# Carolina Skiff 178 DLV



## Barnacle Brain (Oct 2, 2007)

Does anyone have any opinion on this boat? My wife and went looking at new boats this weekend and we both like this one for several reasons including price. I have found that it is very versatile and will make a nice family boat as well as a handy flounder rig with a few mods. This will be my first new boat if I decide to get it. It's gat a 4 stroke 90 hp yamaha, which is the max for that boat. Any thoughts?

This also means that I'll be selling my jon boat 14 foot Monarch with a 30 hp mariner, that runs like a scolded dog. Any one interested in that?


----------



## Halfmoon (Oct 3, 2007)

I saw a 19 ft out this weekend. They look like they can take rough weather. High sides.

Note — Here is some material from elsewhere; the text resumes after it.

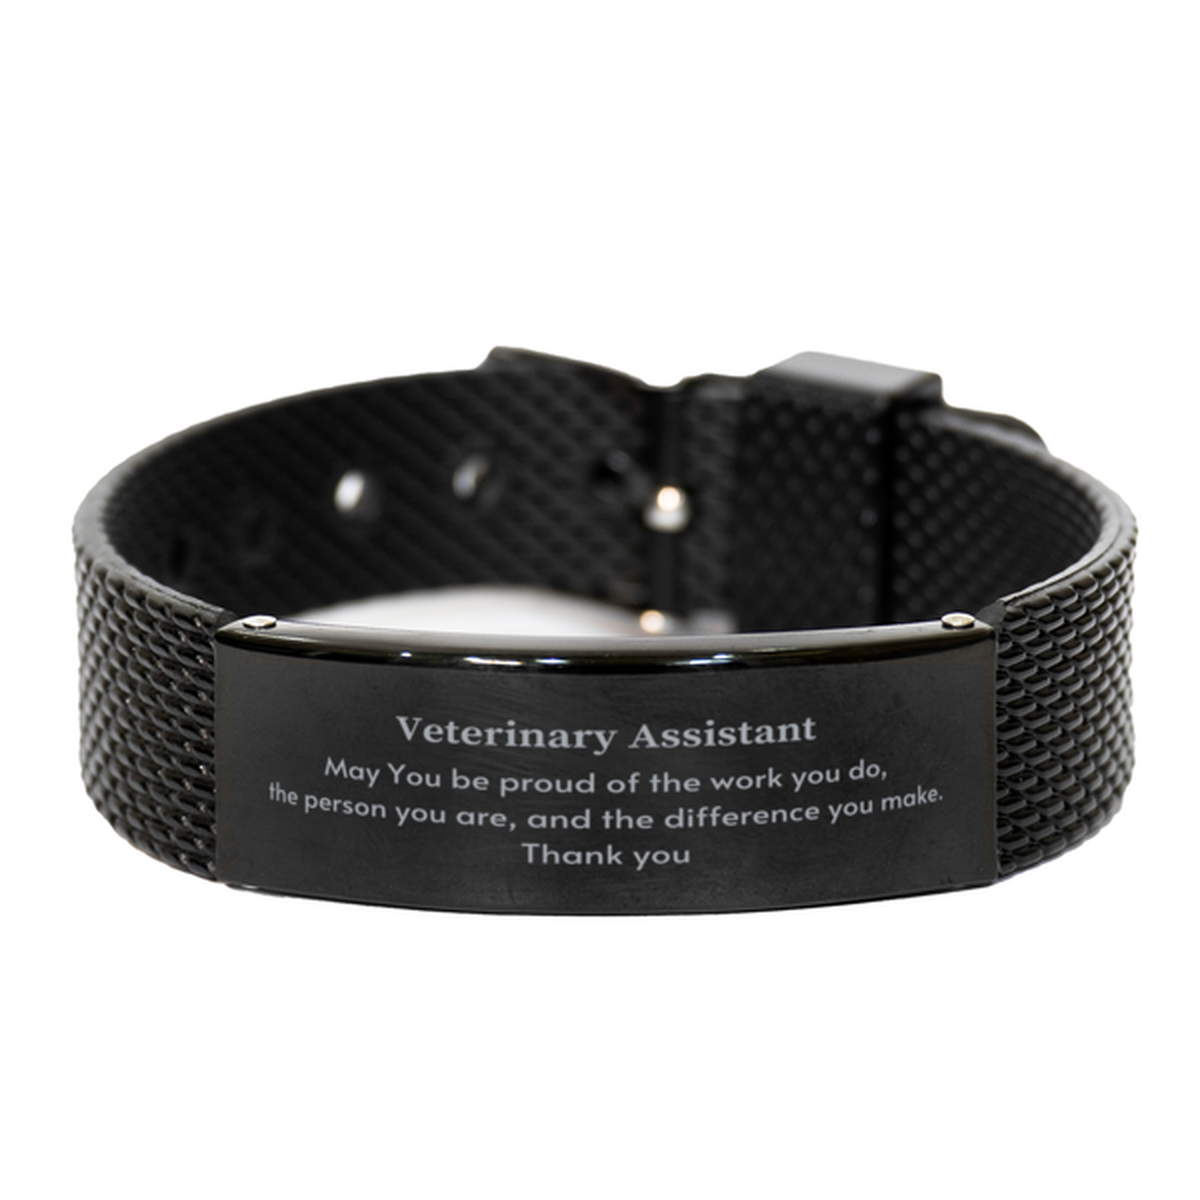 Heartwarming Black Shark Mesh Bracelet Retirement Coworkers Gifts for Veterinary Assistant, Veterinary Assistant May You be proud of the work you do, the person you are Gifts for Boss Men Women Friends
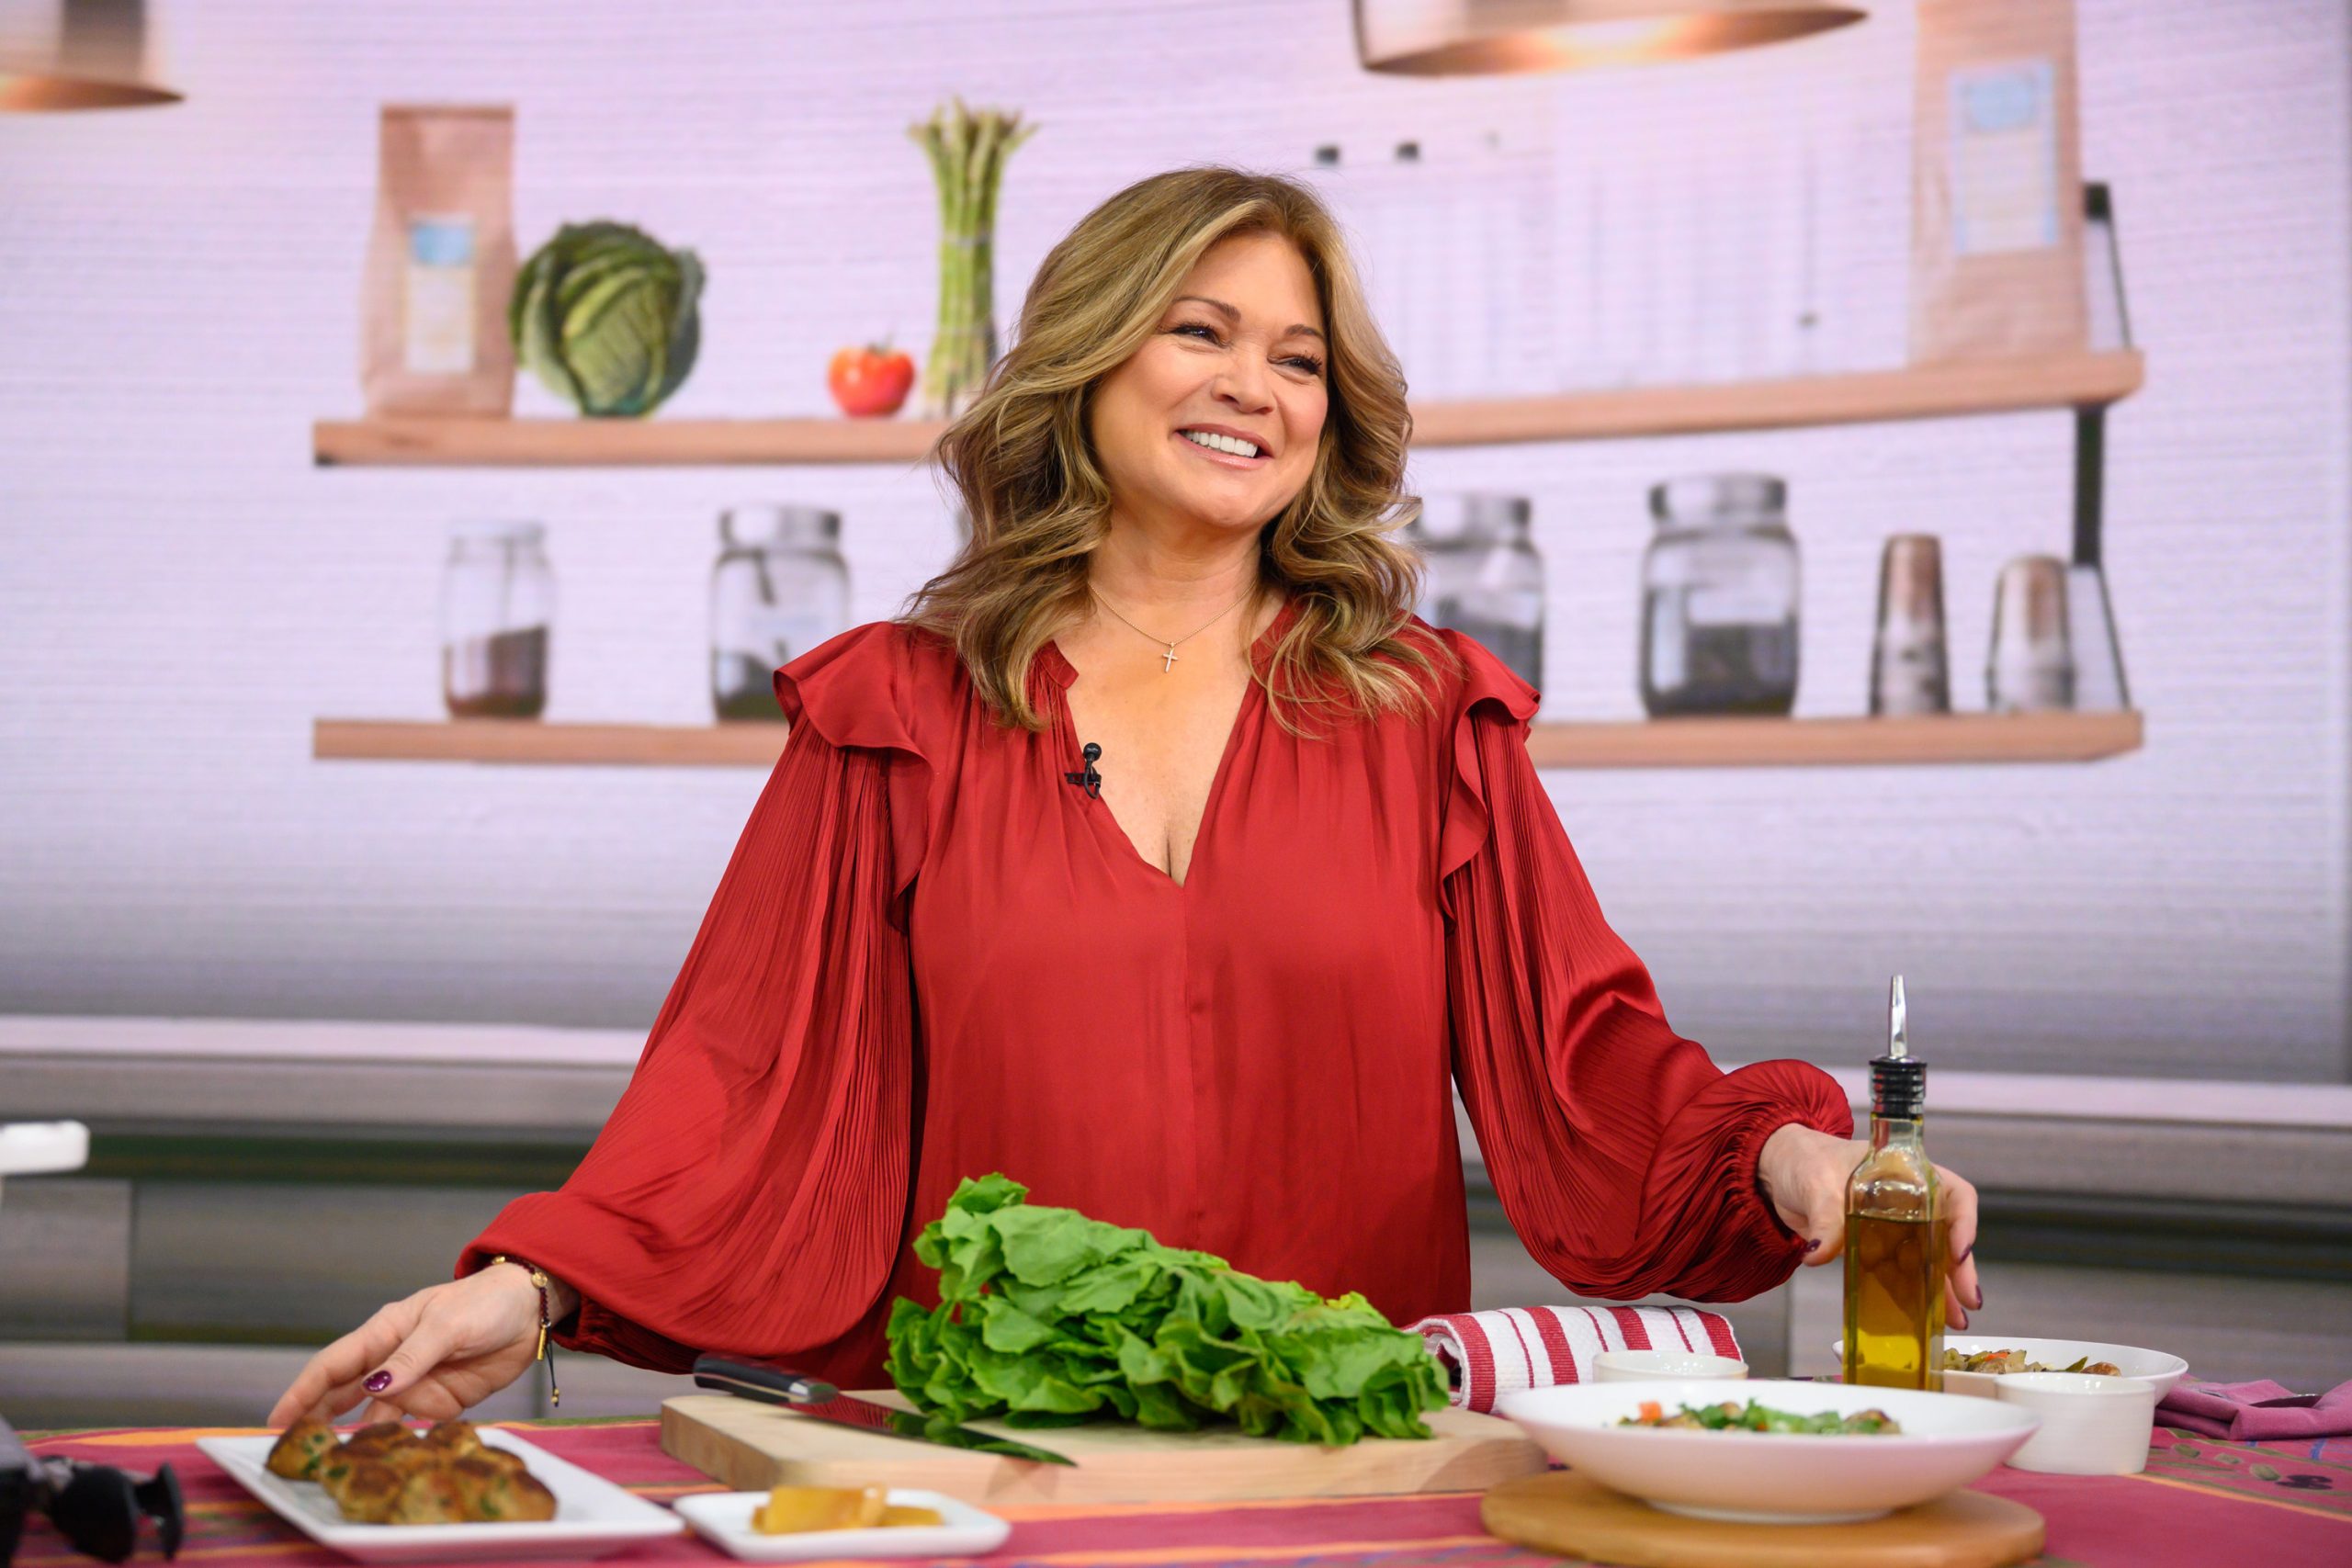 Actor Valerie Bertinelli wears a long-sleeved red blouse in this photograph.

Looks like a work horse. Who is selling them??? I would like to take a closer look at one..


----------



## Barnacle Brain (Oct 2, 2007)

Docs marine of of Pine forest dr.

I'd like to take one for a test ride looks like a good design the gunnels are 25".


----------



## Flounderpounder (Oct 3, 2007)

Great all around boat, built like tanks, fuel efficient, great value. For floundering, the DLX will go places the DLV can't. Do yourself a favor and do a search here for Doc.'s. I ended up going elsewhere for my DLX and saved THOUSANDS! For general CS info try www.groups.msn.com/carolinaskiffowners orwww.carolinaskiffowner.comfor LOTS of info!


----------



## X-Shark (Oct 3, 2007)

Be aware that they do pound in any chop.


----------



## Barnacle Brain (Oct 2, 2007)

Do you find that to still be true with the DLV (semi-v hull)?


----------



## skint back (Oct 15, 2007)

I have the 19ft semi-v w/4 stroke 100 yamaha ...great boat, but it still is rough in a chop I am selling mine to move to a 23-31 offshore...but for the Bay and for taking family out on the flats.beaches, ect it is the perfect boat


----------



## iceman28o1 (Sep 27, 2007)

great boat for family. holds alot of people, very rough ride in the chop. pounder is right dont buy through docs. they are none nego. go to grassshack.net and save thousands you could get a 19 with a 115 for the same price as the 17 at docs.


----------